New issue
Advanced search Search tips
Note: Color blocks (like or ) mean that a user may not be available. Tooltip shows the reason.

Issue 878823 link

Starred by 4 users

Issue metadata

Status: Fixed
Owner:
Closed: Sep 24
Cc:
Components:
EstimatedDays: ----
NextAction: ----
OS: Windows
Pri: 1
Type: Bug



Sign in to add a comment

Chrome 68 - "Enable Native Notifications" results in high CPU usage

Project Member Reported by ykrychala@google.com, Aug 29

Issue description

Chrome version: 68.0.3440.106
OS version: Citrix environment on Server 2016 1607 
Case#: 16742264

Description:
user sessions often result in race conditions between explorer.exe and chrome.exe (primary process), where they fight over C:\Users\<username>\AppData\Local\Microsoft\Windows\Notifications\wpndatabase.db-wal. 

The result is that explorer.exe and chrome.exe both consume 10-20% CPU each for an indefinite period. Once the handle for that file is closed manually via procexp, the CPU usage clears immediately. The flag ""Enable native notifications"" does not appear to have a policy associated with it, the customer needs a way to disable this option for all users. Please advise if there's any supported method to disable the flag via GPO. 

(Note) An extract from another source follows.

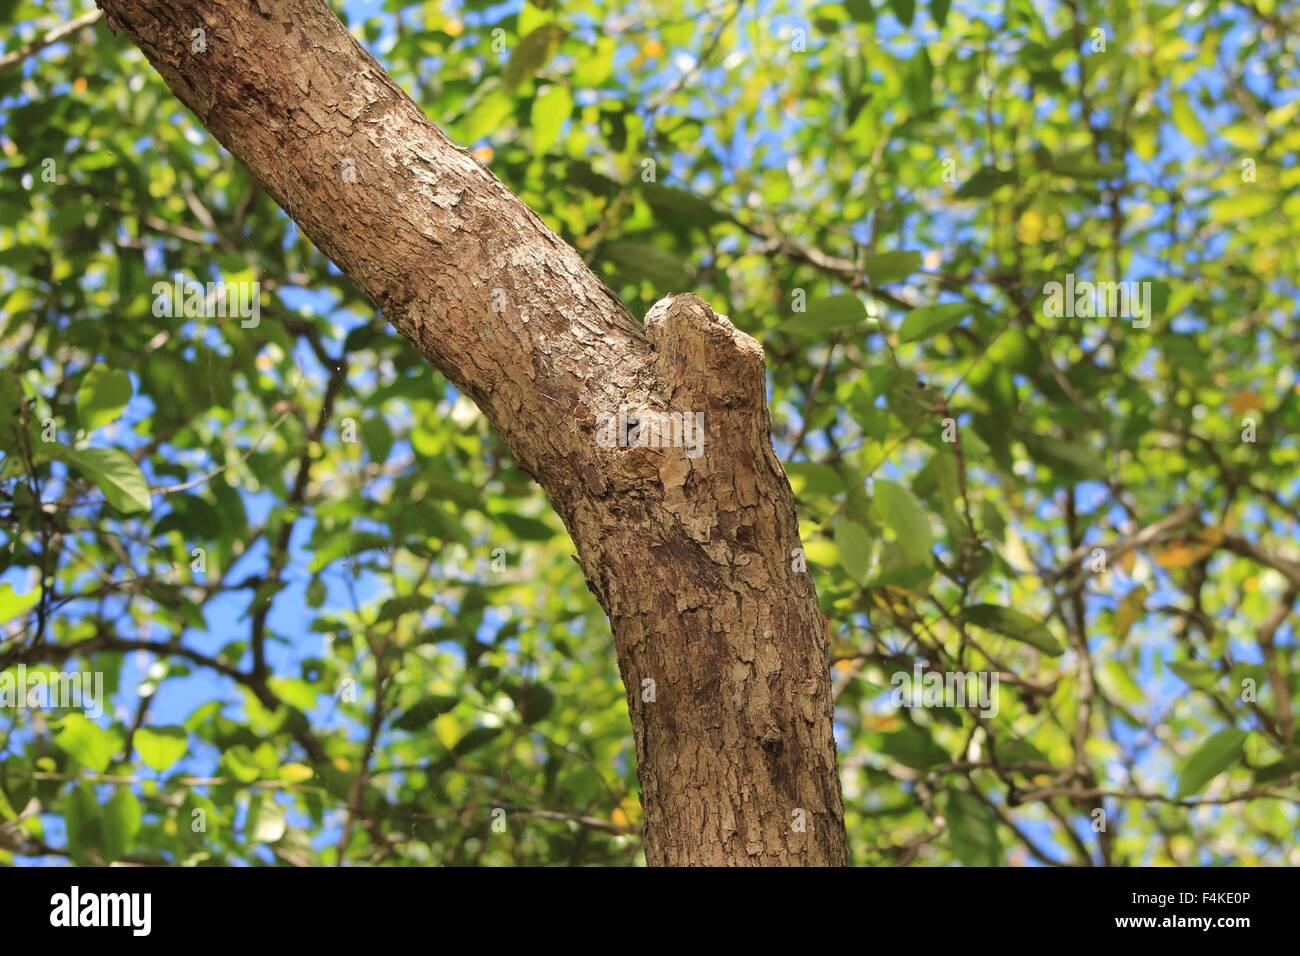 Tronco di albero, corteccia, rami di albero, foglie, la luce del sole Immagini Stock

Customer has rolled back to version 67 and issue no longer reproduces.

Steps to reproduce: 
1. Install Chrome browser
2. Keep user session running for uncertain amount of time
3. Task Manager starts to show high CPU consumption for both Chrome.exe and explorer.exe processes

Current Behavior / Reproduction: 
- High CPU usage

Expected Behavior: 
- No significant CPU usage when using system native notifications

Existing workaround:
- Disable native notifications

Drive link to logs: 
- unable to collect as the issue is very inconsistent for all users and can't be reproduced on demand

However, customer was able to capture procmon logs:
https://drive.google.com/open?id=15GcdvvRRGkZwAx5hRsgXCTp45XxtG5hr

Screenshot of task manager:
https://drive.google.com/open?id=19f9LpoOksJKILKuXAmaBLxJA5n3tMWWa

 
Components: UI>Notifications UI>Shell>Notifications
Labels: -Pri-2 OS-Windows Pri-1
I took a look at the PML files. One thing they show is that the machine is running 10.0.14393 Windows - Anniversary Update - which is two years old. Is that normal for enterprise customers? Could that explain why they are hitting this problem and other users aren't?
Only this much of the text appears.